I’ve always worn my tubed (not Omnipod) pumps on my belt. I’ve read here that women use a variety of locations including pockets, hooked on their bra, on a “leg thing” on their thigh.
When I shower or bathe I just disconnect at the site and go without the pump infusion for a short period of time. Many infusion sets are designed with a quick release mechanism that enables an easy disconnect. You can take a small dose before and/or after to compensate. I usually swim with my Animas Ping pump since it is designed to be waterproof. If I’m worried that my swimming activity might somehow dislodge the pump, I would just disconnect for that short period. I would be comfortable disconnecting for up to an hour without any major disturbance to my BG control
As to the best brand, you will have to research and hopefully trial any that you seriously consider. Most people finance their pump (in the US) with health insurance and health insurance usually makes you use any pump they pay for for at least the warranty period, often 4 years. So it’s important that your comfortable with that commitment before you say, “I do!”
I’ve seen some pump comparison charts published over the years. Do a google search and see if you can find them. I’d also check diaTribe.org for that.
There’s any ongoing debate among pump users as to the desirability of tubed versus tubeless pumps. I prefer the tubed variety for many reasons but there are many long term and happy tubeless pumpers. Learning to live with and accommodate the tethered pump is no big deal to me.
I strongly advocate trying any pump before buying. If they don’t let you do a trial then I’d get the pump company to commit to a no-questions-asked money-back guarantee for say 30 days.
I use 42 inch long infusion sets to enable bathroom use and flopping around in the bed at night. I just lay the pump down next to me while I sleep and move it around when needed.
The earliest iterations of the artificial pancreas are already starting to appear. Most people don’t consider these earliest versions as really the automated control they have in mind but you can see the AP already taking shape. One model of the Medtronic pump (530?) will shut off insulin delivery for up to two hours when the integrated CGM drops below a set threshold. The next improvement is another Medtronic model (640?) that will shut off delivery when the integrated CGM predicts a future low. That pump is not available in the US yet but it should appear soon.
The more sophisticated AP pumps with partially automated insulin delivery are expect in the next year or two. The basal rate will be automatically adjusted based on CGM readings and the wearer will probably have to do some interaction when eating.

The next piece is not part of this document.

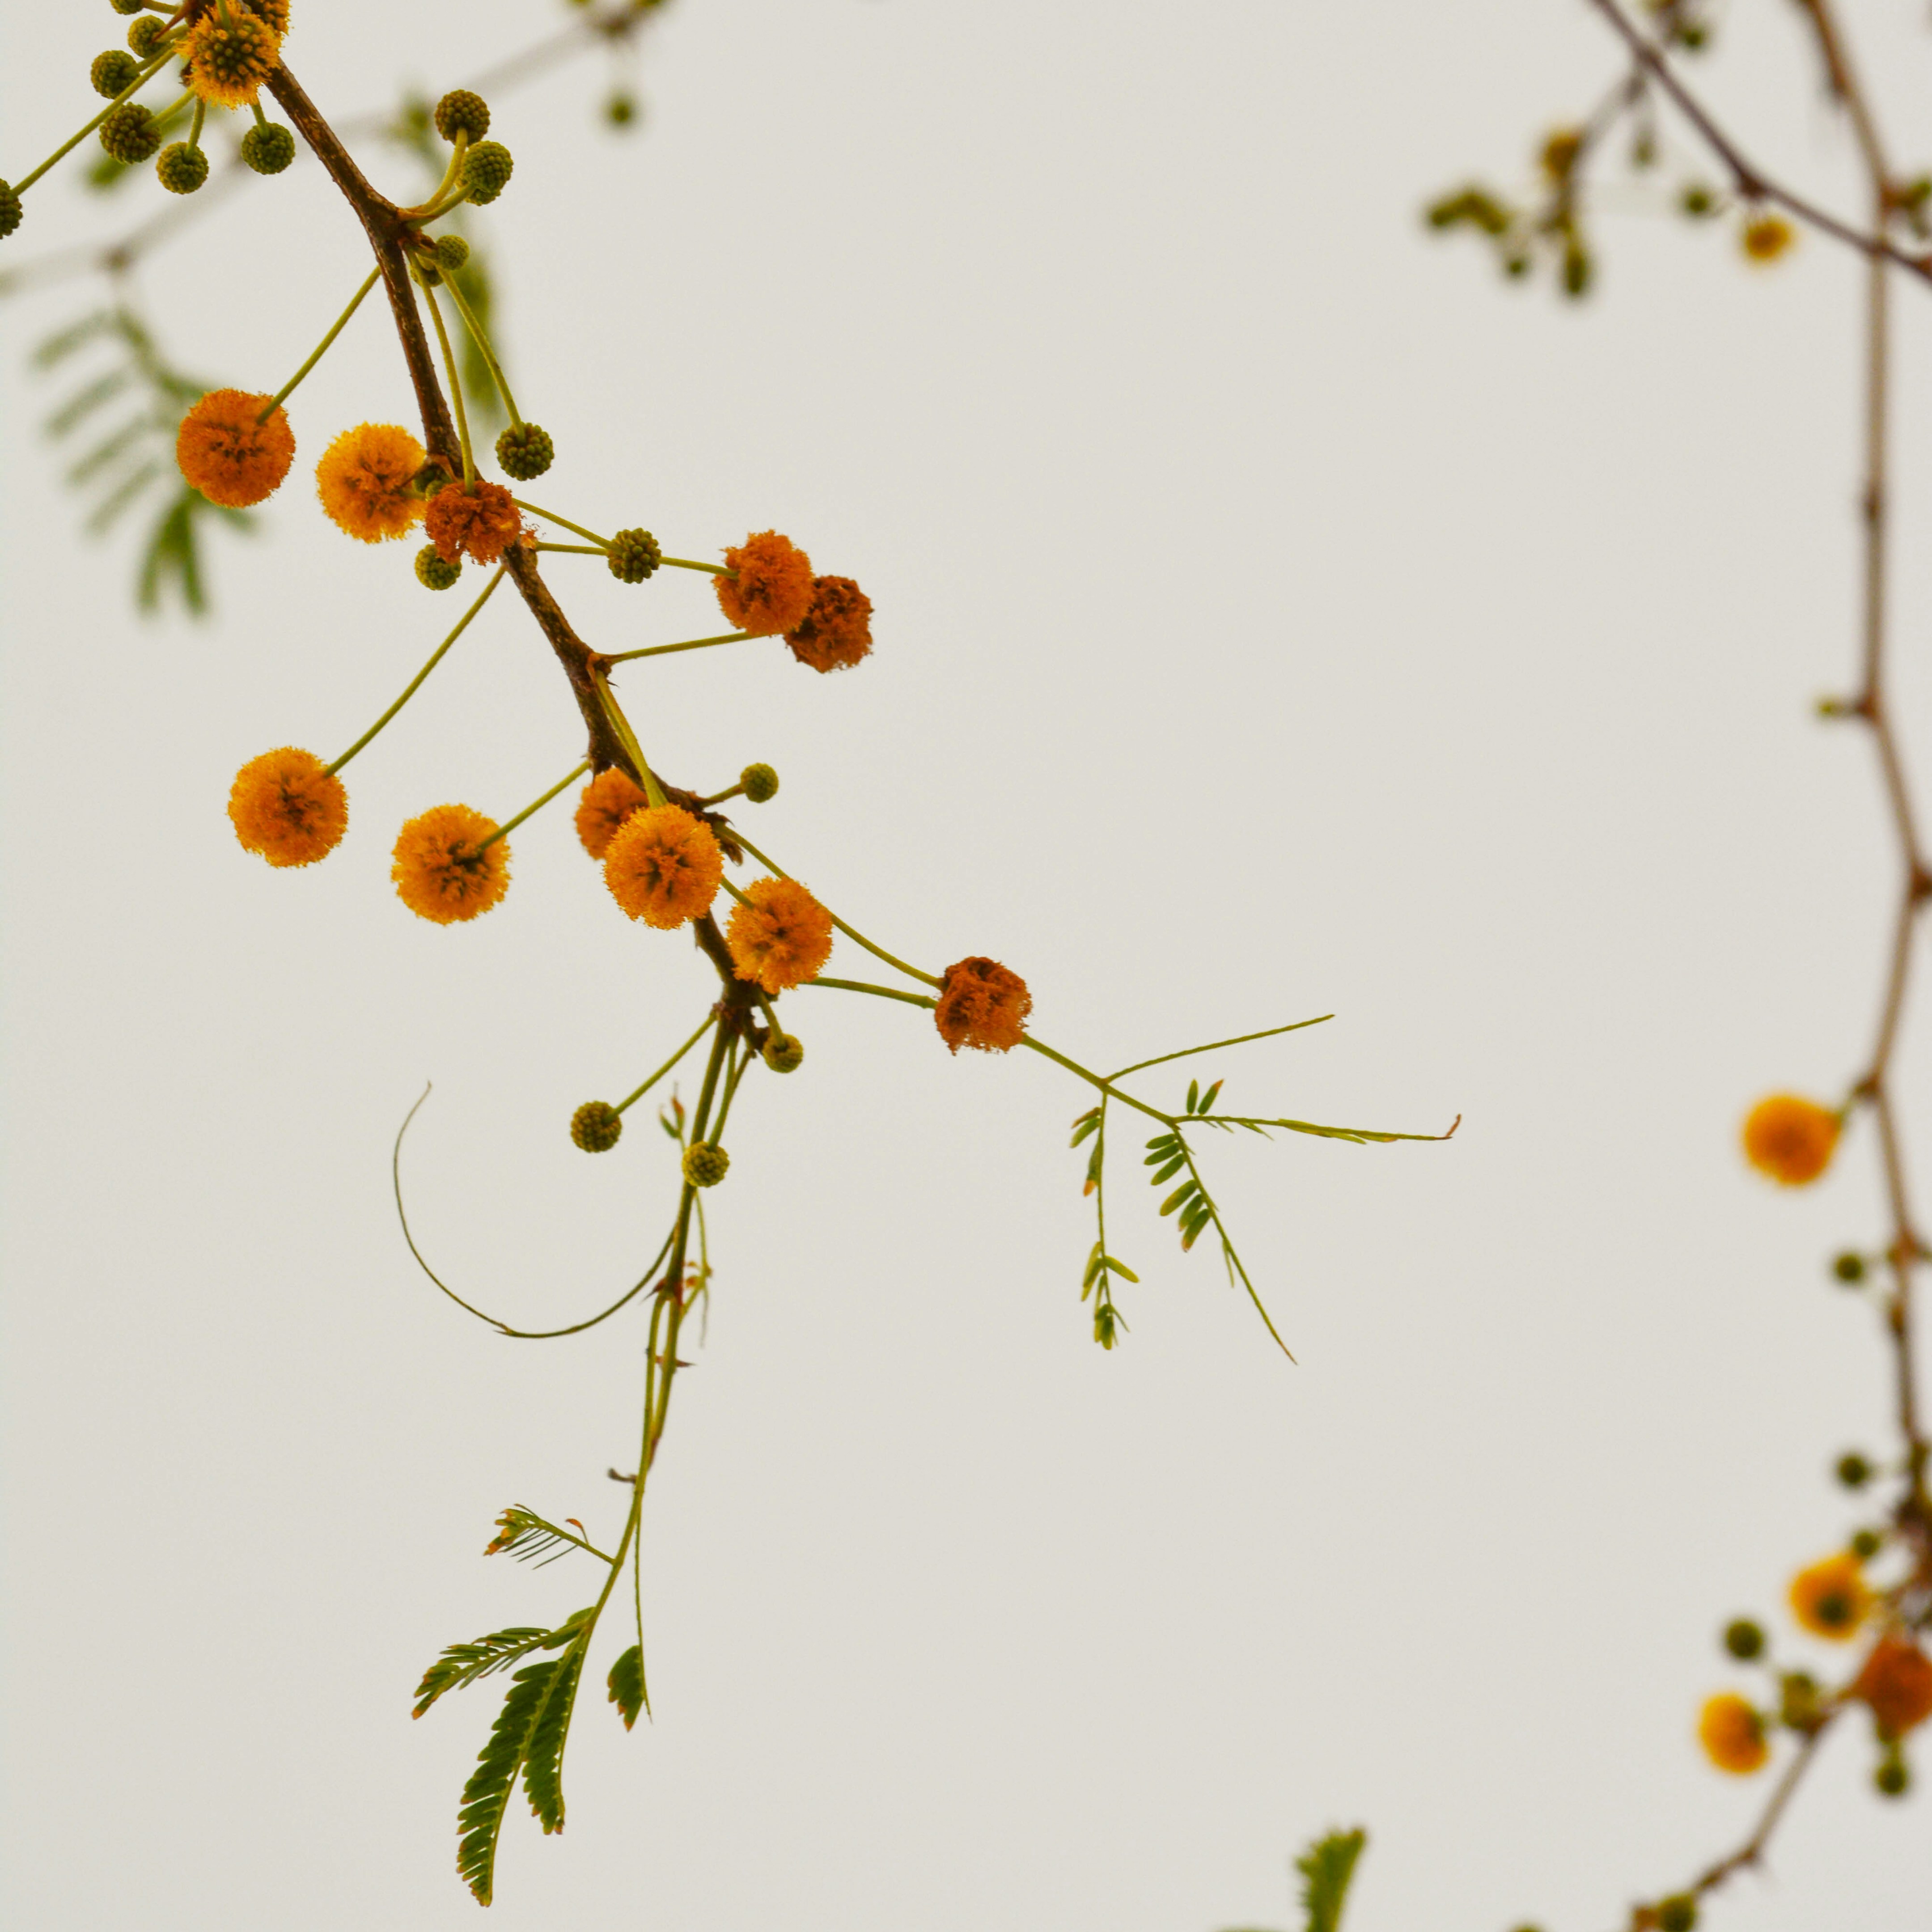 brown round fruits on tree branch

I personally will be waiting for some significant improvements over class of 2017/2018 since I’ve learned that their goals are not as ambitious as the ones I already target and achieve using my home-grown tactics.
Have fun pump shopping! Learn all you can. The pump is just a fancy syringe and currently your brains are the most important factor in how well you do.
I wanted to add that good customer service is important. I’ve had good experiences with Medtronic, Animas, and Insulet (Omnipod). Getting an overnight shipment when a pump fails is important to me.